Emotion-induced expressions are involuntary and natural, so to try to modulate or falsify them requires working against the body’s natural tendencies. In essence, the truth wants to come out. When it does, it appears in the form of a true emotion leaking out, or a general sense of artificiality that doesn’t indicate which emotion is being covered up, only that there is deception going on. A few things that bring about that sense of artificiality are timing being off, an expression lasting too long or too short, or fluctuations in the face that are inappropriate for the emotion. (Ekman & Friesen, 1975, p. 145)

The actual act of lying with words can have some impact on facial expressions as well, through the related emotions of fear and guilt. Ekman, O’Sullivan and Frank did a study to determine whether certain occupational groups had a better chance at detecting deceitful facial expressions. They had various law-enforcement groups and psychologists with different levels of interest and expertise in the field of facial expression try to identify whether someone in a particular video was acting out an expression or really feeling it.

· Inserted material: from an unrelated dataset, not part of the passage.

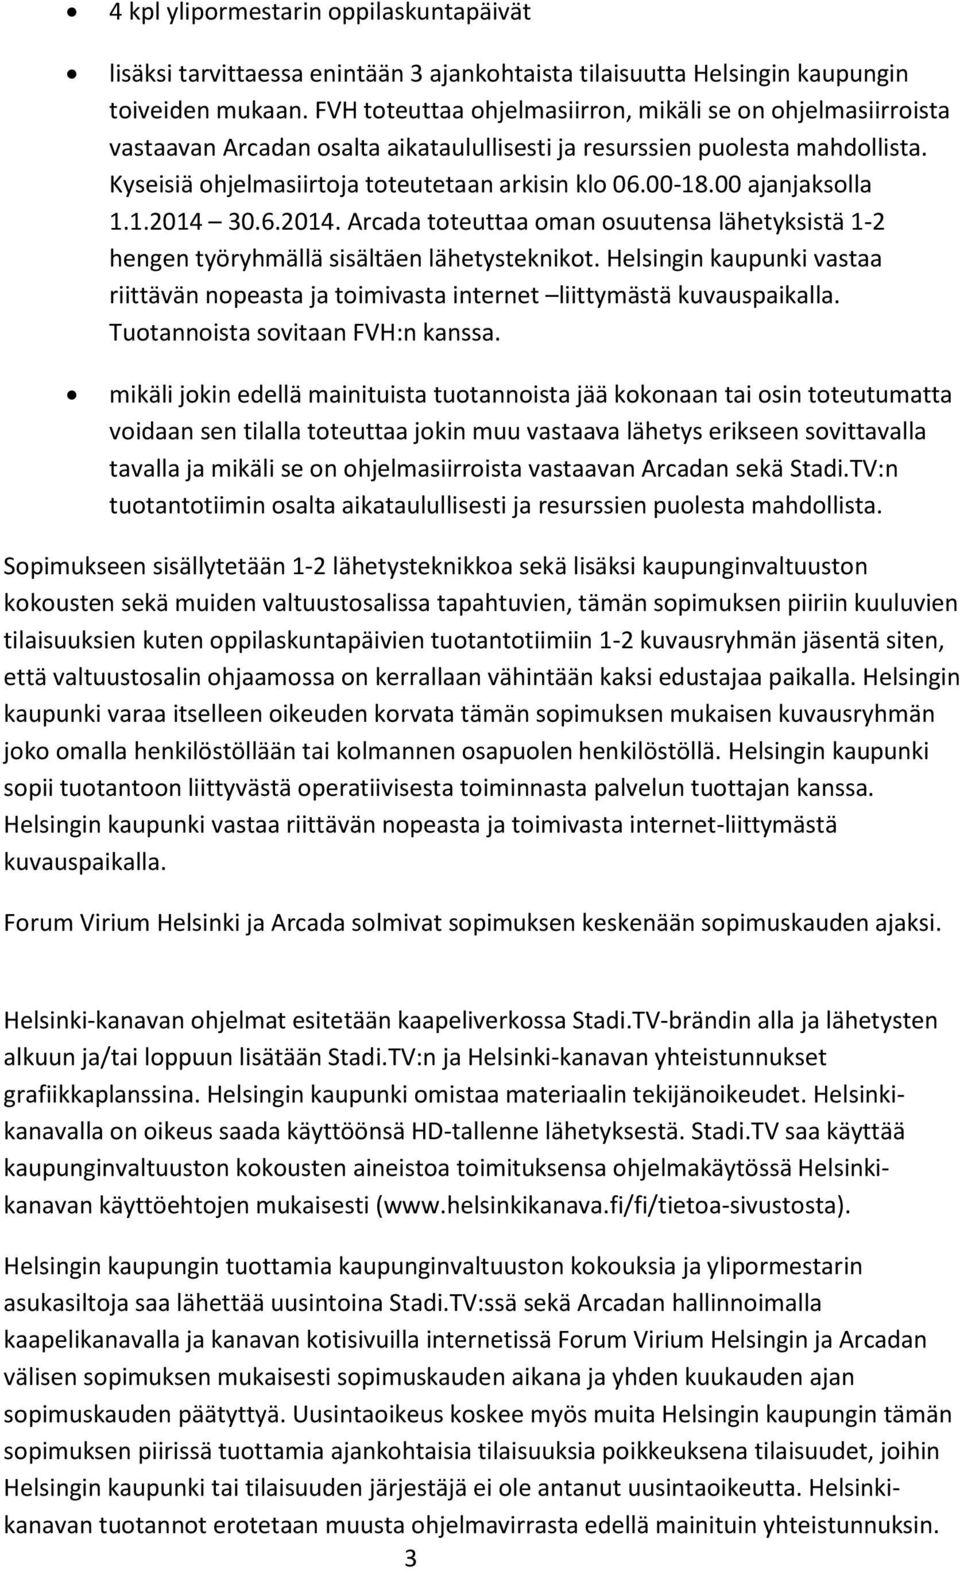 00 ajanjaksolla 1.1.2014 30.6.2014. Arcada toteuttaa oman osuutensa lähetyksistä 1-2 hengen työryhmällä sisältäen lähetysteknikot.

They concluded that "it is possible for some people to make highly accurate judgments about lying and truthfulness without any special aids" but that "it is unlikely that judging deception from demeanor will ever be sufficiently accurate to be admissible in the courtroom.(Ekman, O’Sullivan, & Frank, 1999, p. 265)" The study demonstrates the extreme difficulty in determining the true emotions of someone if they are trying to control their facial expressions.


The study of facial expressions is not only fascinating, but it has practical uses as well. A good understanding of the information hinted at in this limited paper could allow people to understand the feelings of others better, and help them in communicating their own. A more detailed knowledge of the actual expressions themselves, and the signs of facial deceit could be useful for therapists who need to know how a patient is really feel. Actors could use the information to help them match the emotions of their character. In conclusion, facial expressions remain windows to the emotions that are universal across cultures, and have a great deal more relevance in every day life than most people give them credit for.

Works Cited

Ekman, P. & Friesen, W.V. (1975) Unmasking the Face. Englewood Cliffs: Prentice-Hall.

Ekman, P & Rosenberg, E.L. (1997) What the Face Reveals: Basic and Applied Studies of Spontaneous Expression Using the Facial Action Coding System (FACS). New York: Oxford University Press.

Zebrowitz, L.A. (1997) Reading Faces: Window to the Soul?. Boulder: Westview Press.

Ekman, P. & O’Sullivan, M. & Frank, M.G. (1999). A few can catch a liar. Psychological Science, 10, 263-266.

Algoe, S.B. & Buswell, B.N. & DeLamater, J.D. (2000). Gender and job status as contextual cues for the interpretation of facial expression of emotion. Sex Roles, 42, 183-208.